* _GIVEN INFORMATION_:
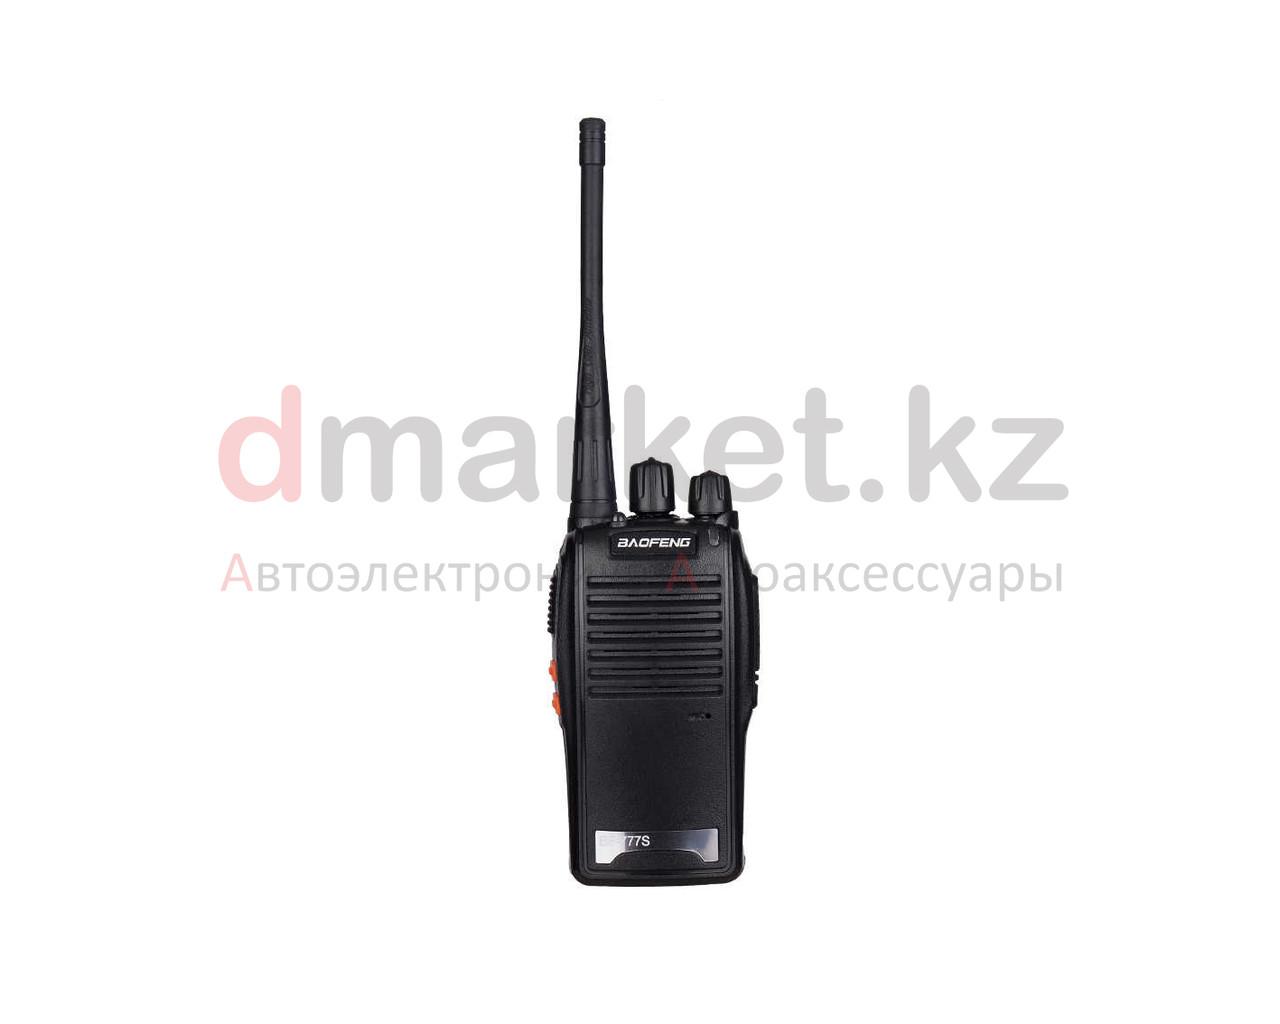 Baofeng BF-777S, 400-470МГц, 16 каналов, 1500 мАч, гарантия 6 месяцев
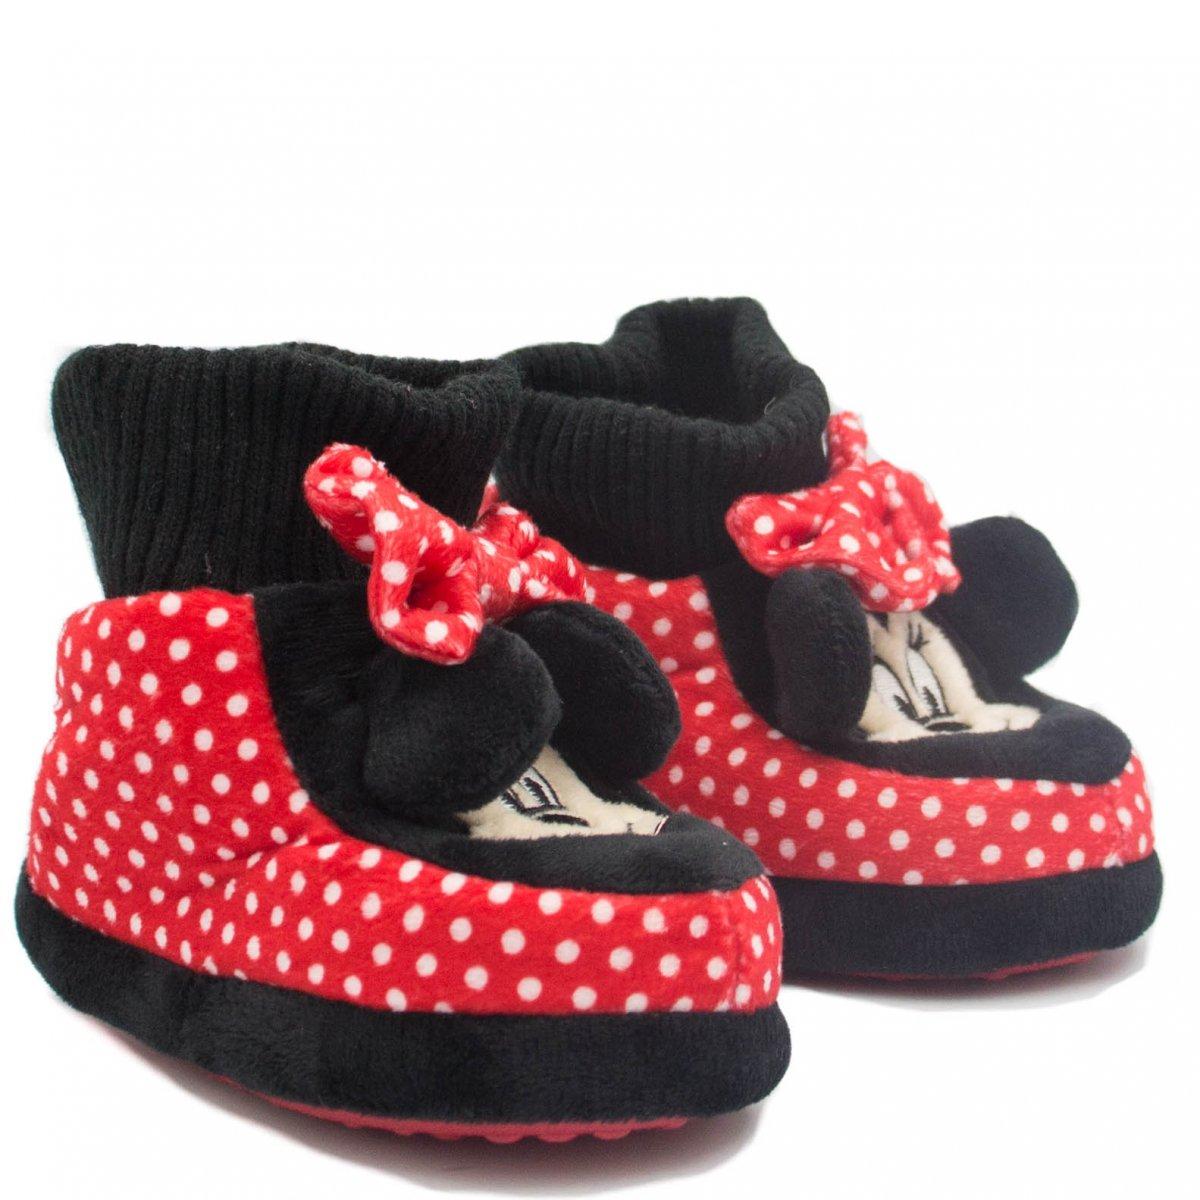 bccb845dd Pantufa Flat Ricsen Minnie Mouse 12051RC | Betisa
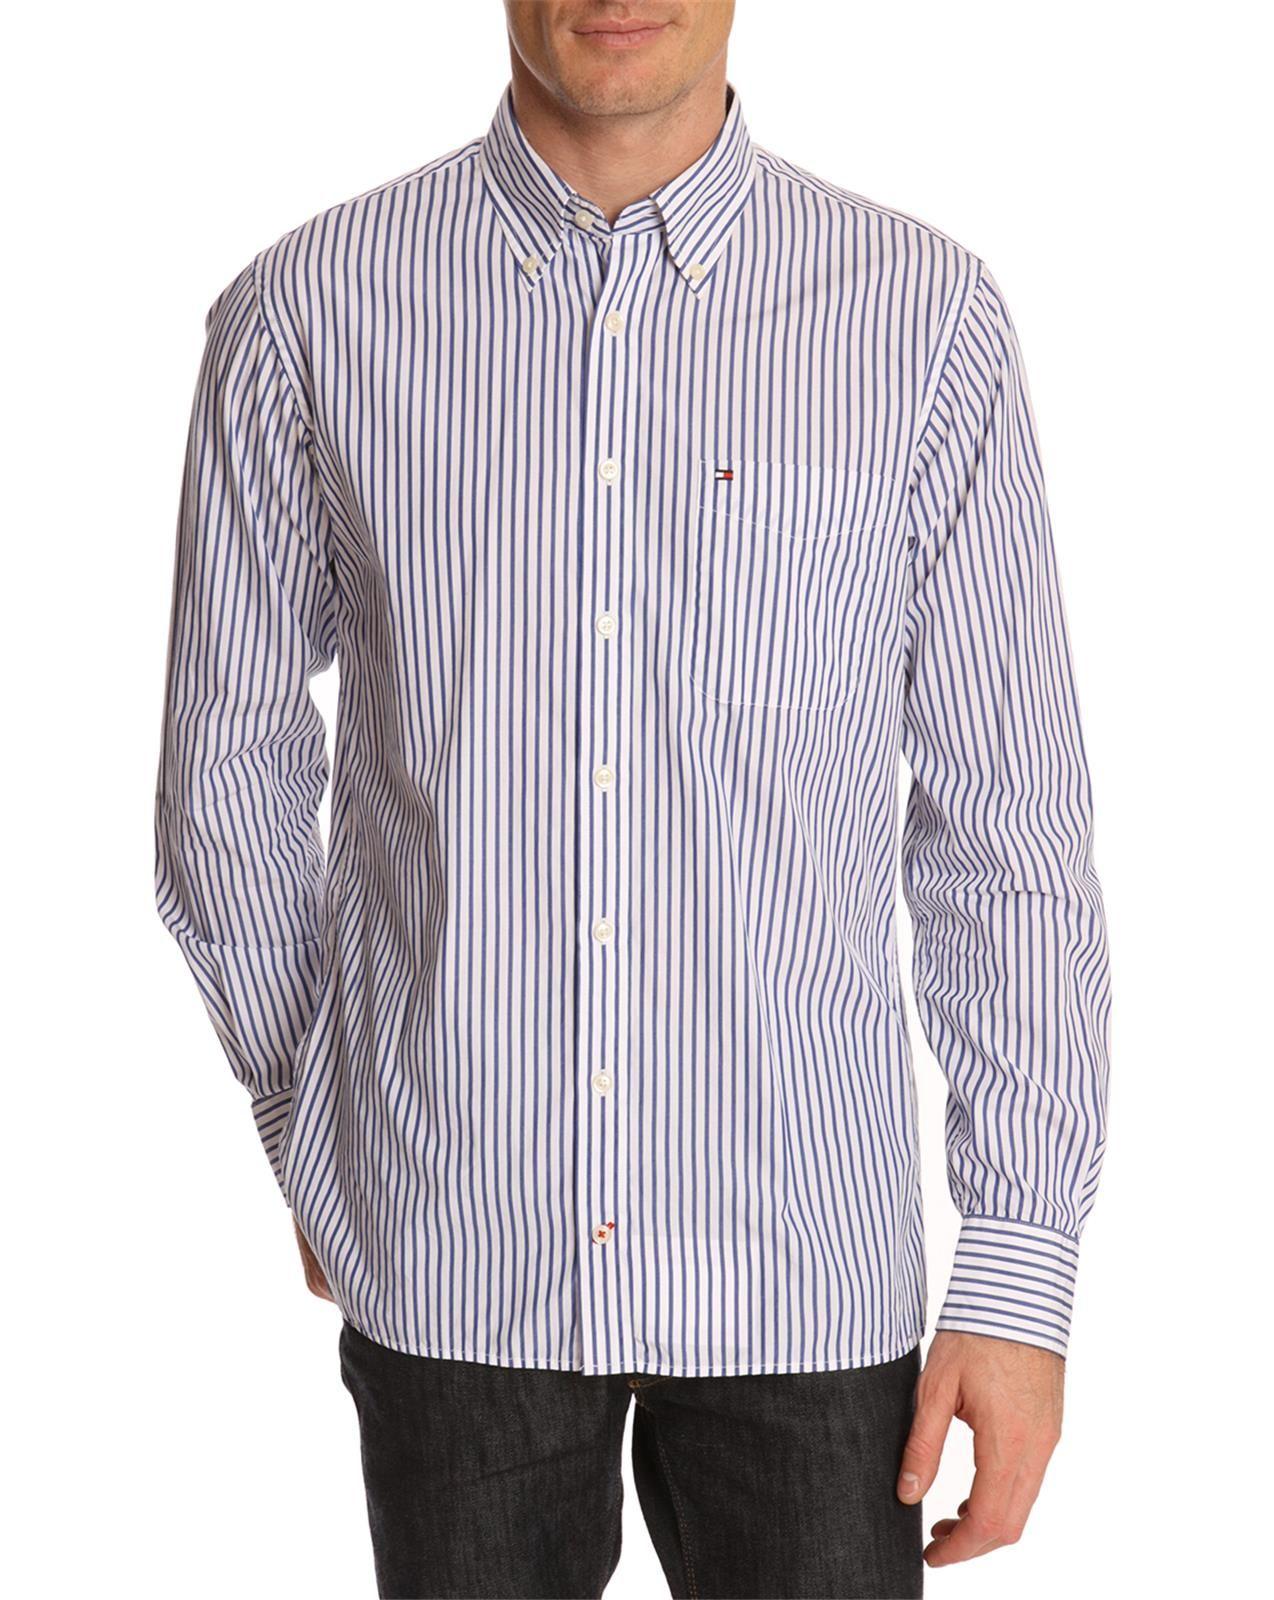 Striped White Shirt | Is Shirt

* _THE TASK_: Every line of the data above is to be set down word for word, with the pictures left out.

* _SOLUTION FOR THIS EXERCISE_:
 Baofeng BF-777S, 400-470МГц, 16 каналов, 1500 мАч, гарантия 6 месяцев
 bccb845dd Pantufa Flat Ricsen Minnie Mouse 12051RC | Betisa
 Striped White Shirt | Is Shirt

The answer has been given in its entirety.